Chinese Nationalist Party (KMT) presidential candidate Hung Hsiu-chu’s (洪秀柱) campaign office yesterday announced the organization of a small group of “young” people to defend and promote her campaign pledges on political talk shows.
Voices of young supporters of Hung have long been underestimated on such shows, the office said.
“These young defenders, who were born in the 1970s and the 1980s, aim to shatter the public’s traditional perception of how the KMT runs an election,” Hung campaign office spokesman Lee Chang-chi (李昶志) told a news conference in Taipei.
Photo: Fang Pin-chao, Taipei Times
Chanting “Chu [Hung] has young people’s backs and young people have hers,” the eight members of the group, clad in different colored shirts, told the news conference that the various colors signified the diversity of opinions of younger generations.
Hung spokesperson Hsu Chiao-hsin (徐巧芯) said that while the group’s members are young, they have experience in public affairs, are extremely eloquent and possess a unique perspective on current politics.
“They are to appear on political talk shows, preferably those deemed as leaning toward the pan-green camp, to advocate for the main principles of Hung’s campaign and to increase her recognition among voters,” Hsu said.
One of the eight, Mao Chia-ching (毛嘉慶) — who is deputy convener of the campaign office’s propaganda department — has a higher profile than the rest of the group because of his link to the recent “rain boots” scandal.

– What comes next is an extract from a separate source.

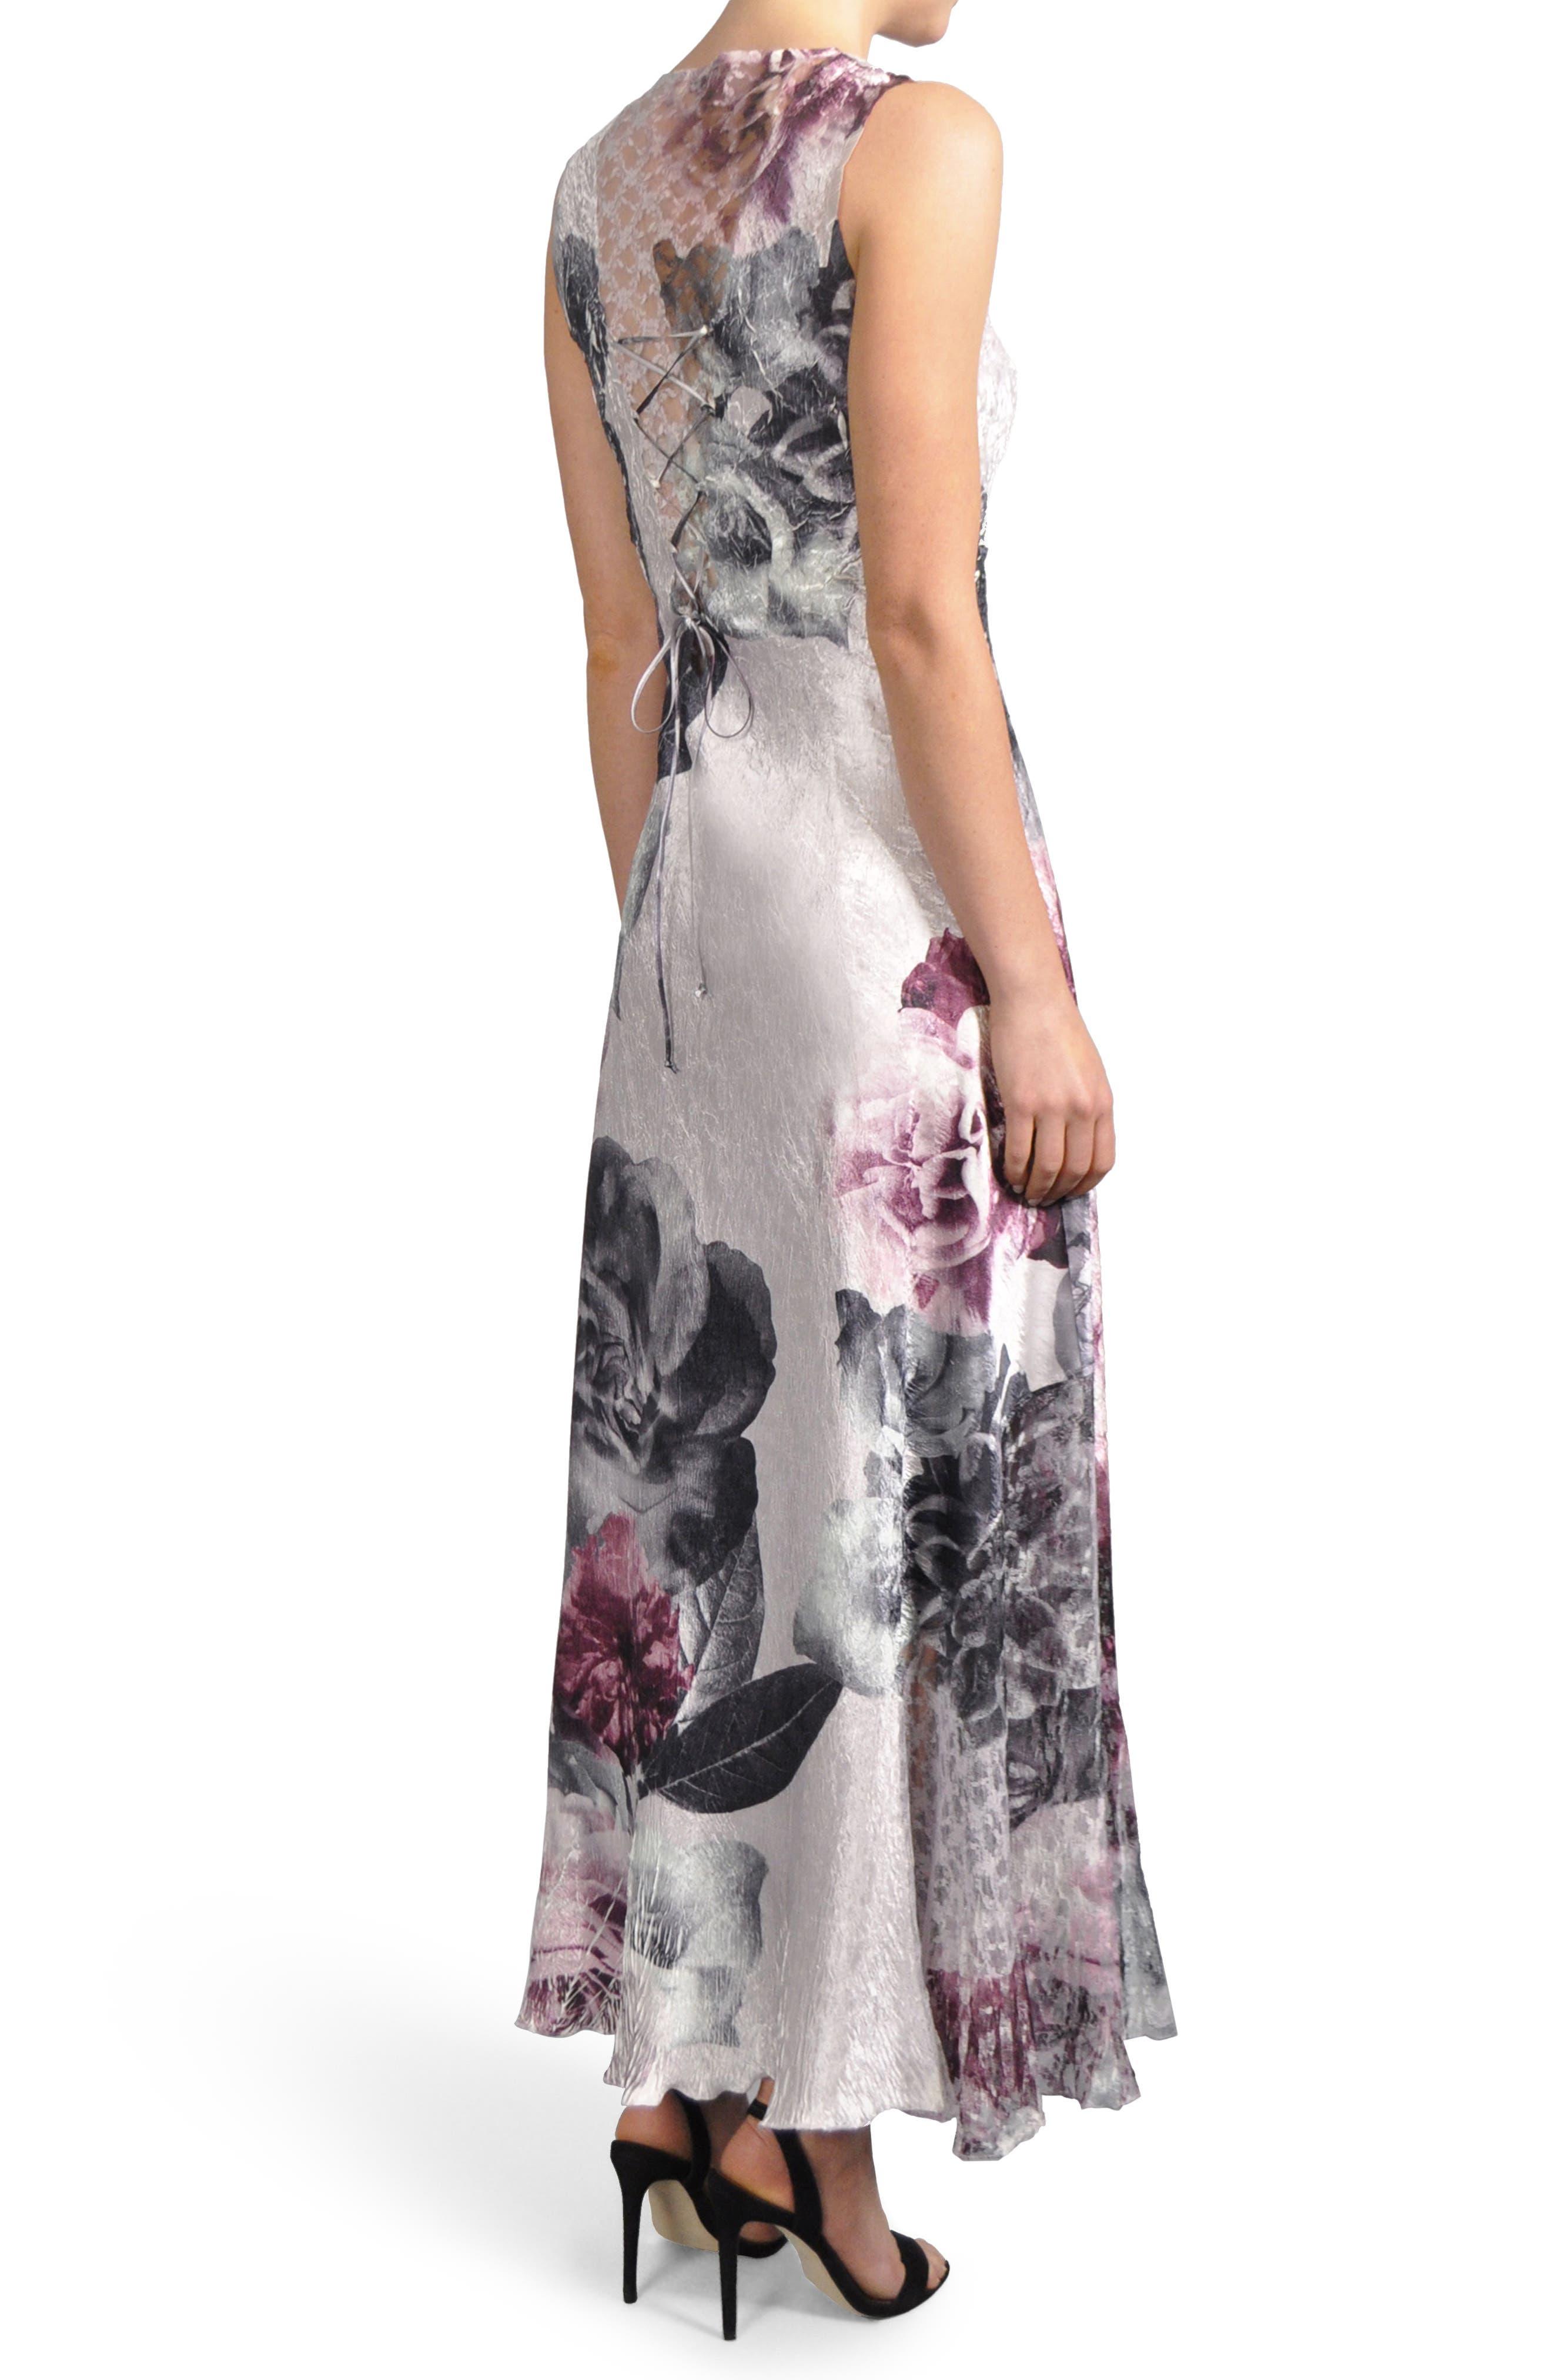 Komorav Lace-Up Back Maxi Dress with Shawl,                             Alternate thumbnail 2, color,                             508

Political pundit Wang Shih-chi (王時齊) has said that Mao asked her to send a pair of name-brand rain boots to Democratic Progressive Party Chairperson Tsai Ing-wen (蔡英文) and to have Tsai photographed in them, in what Wang said was an apparent attempt to set-up the DPP’s presidential candidate.
“The silence of good people will only lead to the rise of the bad. Our society has been permeated with ill rumors that are spread and fabricated to intensify hatred and social divisions. I will not allow Taiwan to be torn like this,” Mao told yesterday’s news conference.
Another of the eight, Tang Hui-lin (唐慧琳), a research assistant at the KMT’s National Policy Foundation think tank, said the chaos caused by a media environment monopolized by political commentators was the main reason the group was formed.
“These so-called commentators spread worthless information every day to the public that is nothing but outright nonsense. We, the younger generation, can no longer stomach this phenomenon and have decided to step up,” Tang said.